I had an experience today...I hope....is close to what I seek.

I was performing my clothespin lesson for my Mistress today....although a bit late....and about 5 minutres before the hour was due to end....I got a light headed feeling...my ears started to ring...and I got a head rush like I used to do when I was a kid doing speed....my vision got a bit foggy but I could see well enough...felt like my eyes were changing...and then I had a very small headache after it was all over...I felt light as air.

now,..is this close to the endorphin rush you all have talked about it? did I make it???


mad dog...typing standing up no less....
 
maddog: It sounds to me like you've found at *least* the first inklings of your endorphin high. How excellent that it's starting to come together for you!

Now, having had this somewhat different experience, how do you feel? Are you more hopeful that this all might *work* for you? How did you feel in the minutes/hours afterward? Did you continue to feel high, gently drifting back down, or did you suddenly come crashing out of the high? Now is when you (and by extension, we) start working on refining the experience, making it maximally exciting and enervating for you, etc.

And, I don't mean to pry--so please forgive me if I'm asking intrusive questions. I mean to be helpful, to encourage. Don't feel obligated to respond, of course, if it makes you uncomfortable.

But, congratulations on finally seeing your perseverance (and trust in your Domme) start to pay off.

Best,
Risia
 
RisiaSkye..such a fine Lady

maddog: It sounds to me like you've found at *least* the first inklings of your endorphin high. How excellent that it's starting to come together for you!

Now, having had this somewhat different experience, how do you feel? Are you more hopeful that this all might *work* for you? How did you feel in the minutes/hours afterward? Did you continue to feel high, gently drifting back down, or did you suddenly come crashing out of the high? Now is when you (and by extension, we) start working on refining the experience, making it maximally exciting and enervating for you, etc.

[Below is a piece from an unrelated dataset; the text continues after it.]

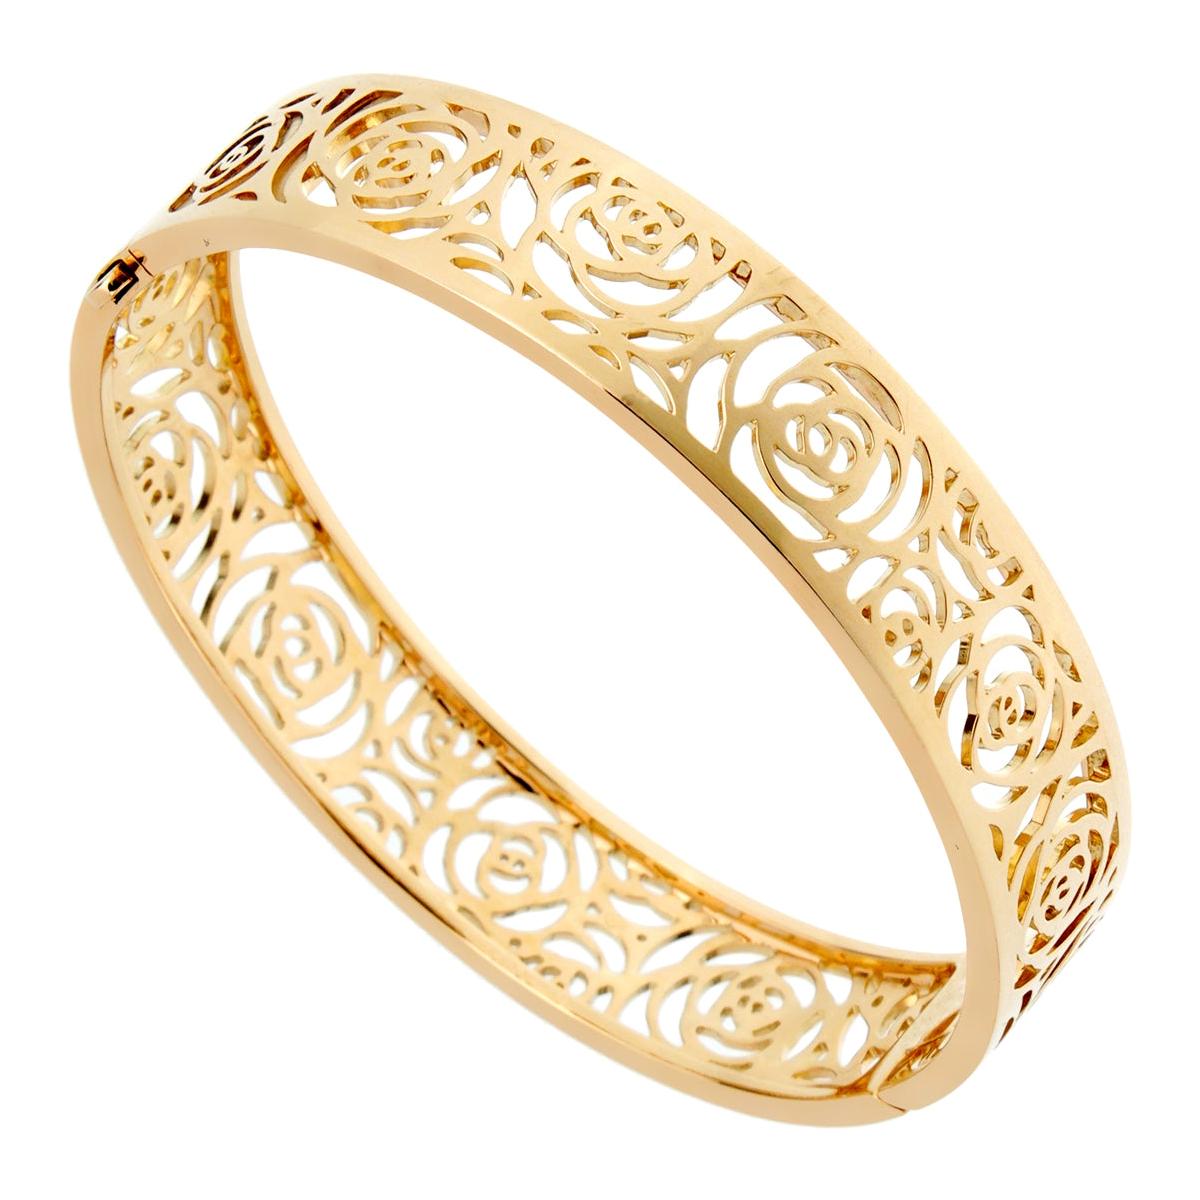 The Camellia, Gabrielle Chanel’s favorite flower, is the inspiration for this exquisite bangle from the Chanel Camellia collection. A polished 18k yellow gold flower motif flows through the entire length of the bangle.

Width: 1/2

And, I don't mean to pry--so please forgive me if I'm asking intrusive questions. I mean to be helpful, to encourage. Don't feel obligated to respond, of course, if it makes you uncomfortable.

But, congratulations on finally seeing your perseverance (and trust in your Domme) start to pay off.

Best,
Risia

========
someone beat me to it...you should be cloned!!!!
 
Re: james blandings

iamaddog said:
good day to you sir james....
I had an experience today...I hope....is close to what I seek.

I was performing my clothespin lesson for my Mistress today....although a bit late....and about 5 minutres before the hour was due to end....I got a light headed feeling...my ears started to ring...and I got a head rush like I used to do when I was a kid doing speed....my vision got a bit foggy but I could see well enough...felt like my eyes were changing...and then I had a very small headache after it was all over...I felt light as air.

now,..is this close to the endorphin rush you all have talked about it? did I make it???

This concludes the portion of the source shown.